That attitude is always there in the background, blankly, and it doesn't take much to bring it out. Sometimes it comes out in reverse though:
Every time a Tory says that people shouldn't have kids if they can't afford them, it reminds me that in their belief system no one ever has kids and then loses their job subsequently.
Of course, if you spend your whole life living off the public purse, as all high-ranking Tories do, then job insecurity is never much of an issue (except maybe for people like Andrew Mitchell - fair play to him, he does seem to have been misrepresented by the cops, but it was instructive how
few friends he had in high places when the public mood turned against him). Got to hand it to the Tories. They are highly efficient when it comes to backstabbing and getting rid of their old pals, if not in any other area.
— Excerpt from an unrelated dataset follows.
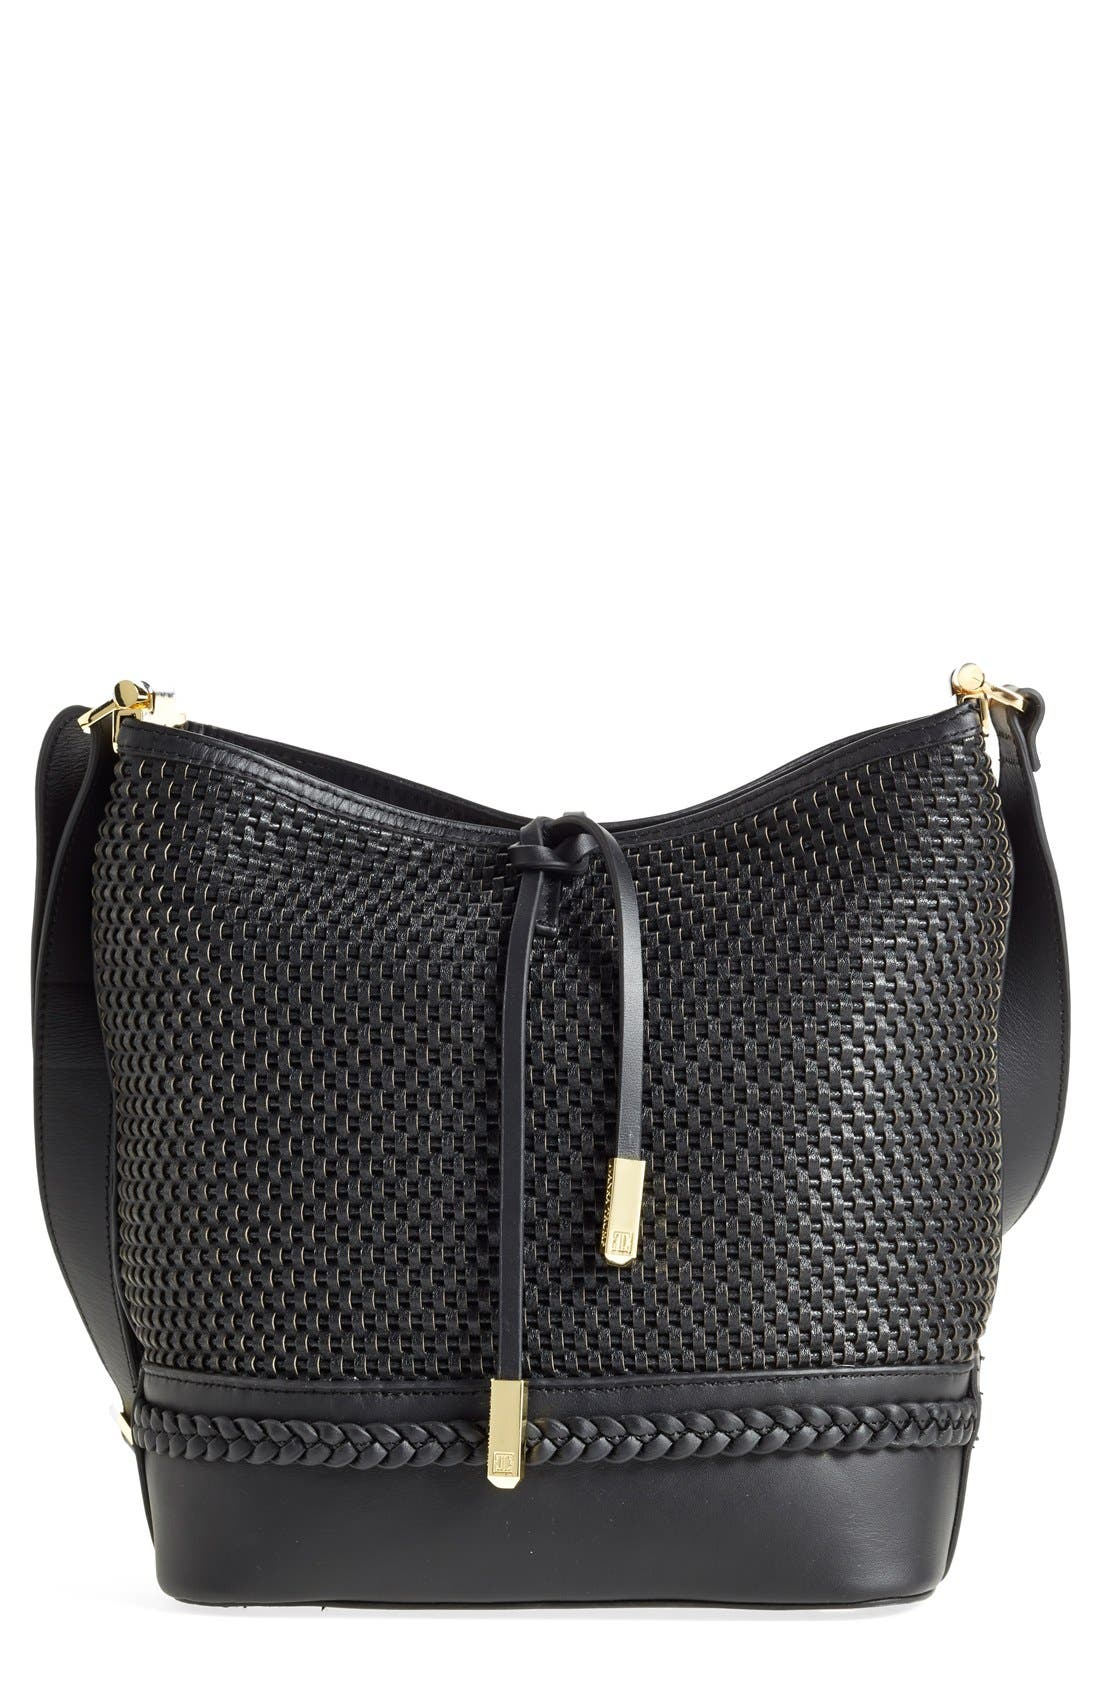 Main Image - Ivanka Trump 'Briarcliff' Woven Leather Bucket Bag
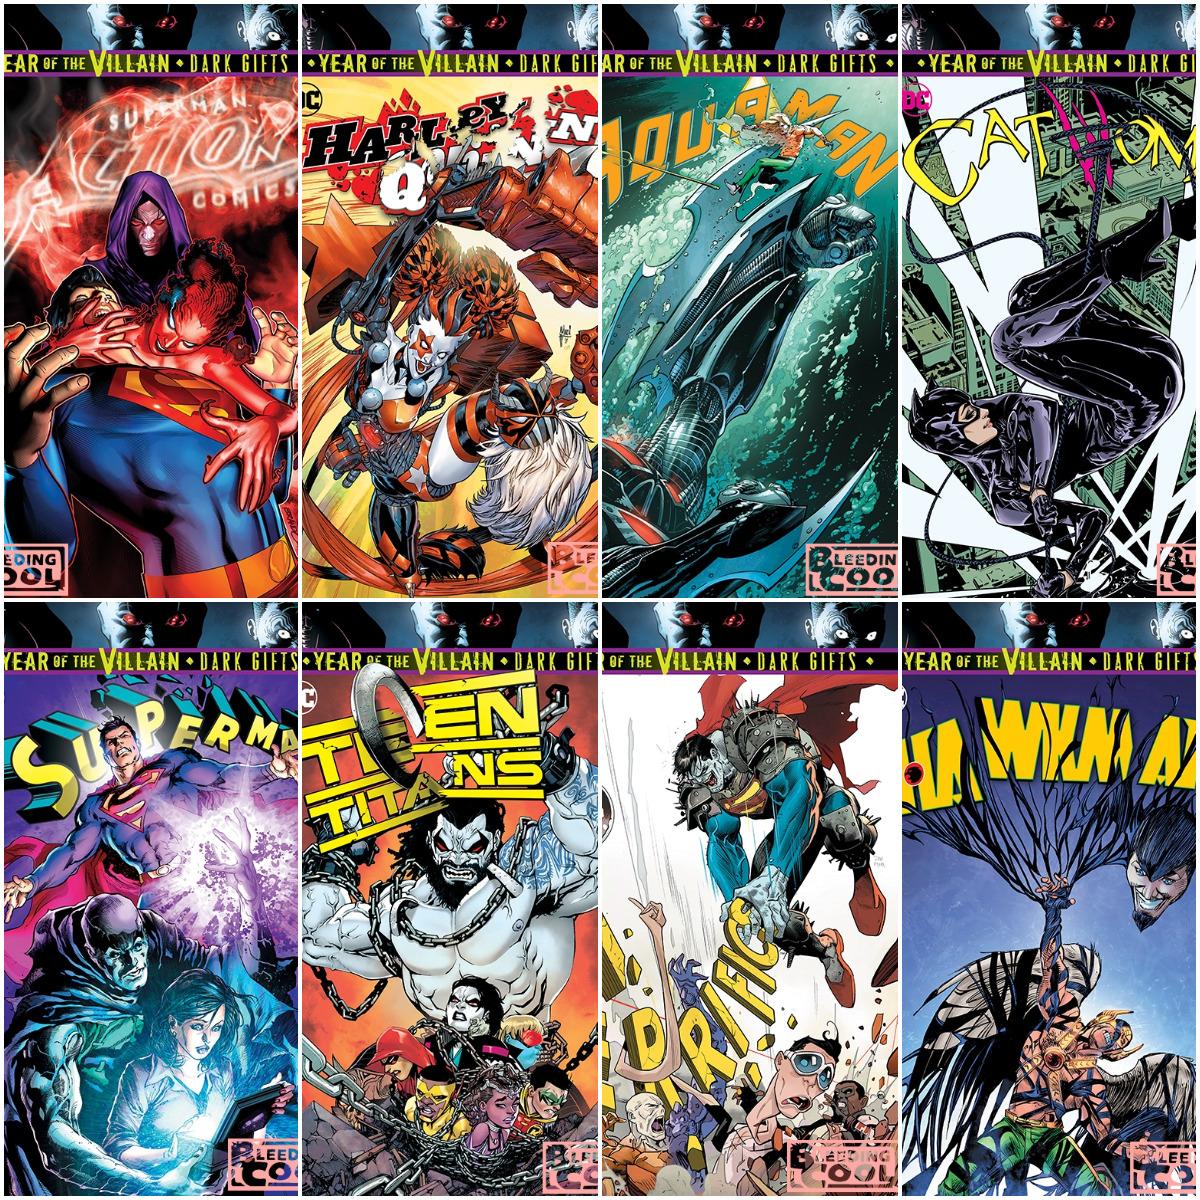 NIGHTWING #63 YOTV DARK GIFTS DC COMICS

The left is also guilty of similar silliness, though, except that they take years to get round to it.
When the Tories were mulling over the idea of using the child-killing benefits claimant Mick Philpott as an exemplar of the failings of the welfare state, I was almost tempted to wish they would go through with it in full.
In counterpoint, I could've said that Sir Jimmy Savile OBE was a fine example of a self-made man and entrepreneur who worked his way up from nothing via his individual talent to become a BBC stalwart, an adviser to the Palace, and an annual guest of the Prime Minister. Pulled himself up by the bootstraps, so he did. Aren't those Conservative values in action?
But they dropped the Philpott thing after realising how dumb it was. They are yet to realise how dumb the rest of their ideas are.
It's probably time for an inventory of what's been or is currently being privatised/sold:
Roads (up for auction)
Railways (sold!)
Schools (up for auction)
Hospitals (up for auction)
Police (up for auction)
Forensics (sold!)
Prisons (partially sold, a bit!)
Job Centres (arguable)
Mines (sold!)
Power Stations (sold!)
Houses (sold... mixed feelings on that one)
Military logistics, and R+D (sold, to a former head of the CIA!)
The channel tunnel (dunno)
Care homes (sold!)
Benefit offices (dunno)
Airlines (sold!)
Airports (sold!)
Sea ports (sold!)
Water (sold, except in Scotland)
Gas (sold!)
Telephones (sold!)
The post (sold!)
The buses (sold!)
The forests (sold!)
The rivers and reservoirs (sold!)
The steel industry (sold!)
The ship building industry (sold!)
The oil industry (sold!)
The rest of industry (sold!)
The NHS (some sold, some still up for auction)
The Tories did not do all of this, and New Labour laid the groundwork for the currently ongoing privatizations, but it's quite a list, innit?
Innit funny how before a thing gets sold, there is hugely increased media attention on it's failings (like with the NHS currently) but there is remarkably little rise in complaints by actual users of the service?
Then, after it gets sold, the media attention on it's failings dies off, while the complaints from actual users rise?
In't that
strange? The NHS in England and Wales will become increasingly shite, and will be increasingly stigmatised in the UK media for being shite, until it is (sold!), at which point they will not report so much on it's failings anymore. At least for a few years. Then we'll all be hearing about it again like it was Network Rail in the nineties.
Always the same.
"The universe is 40 billion light years across and every inch of it would kill you if you went there. That is the position of the universe with regard to human life."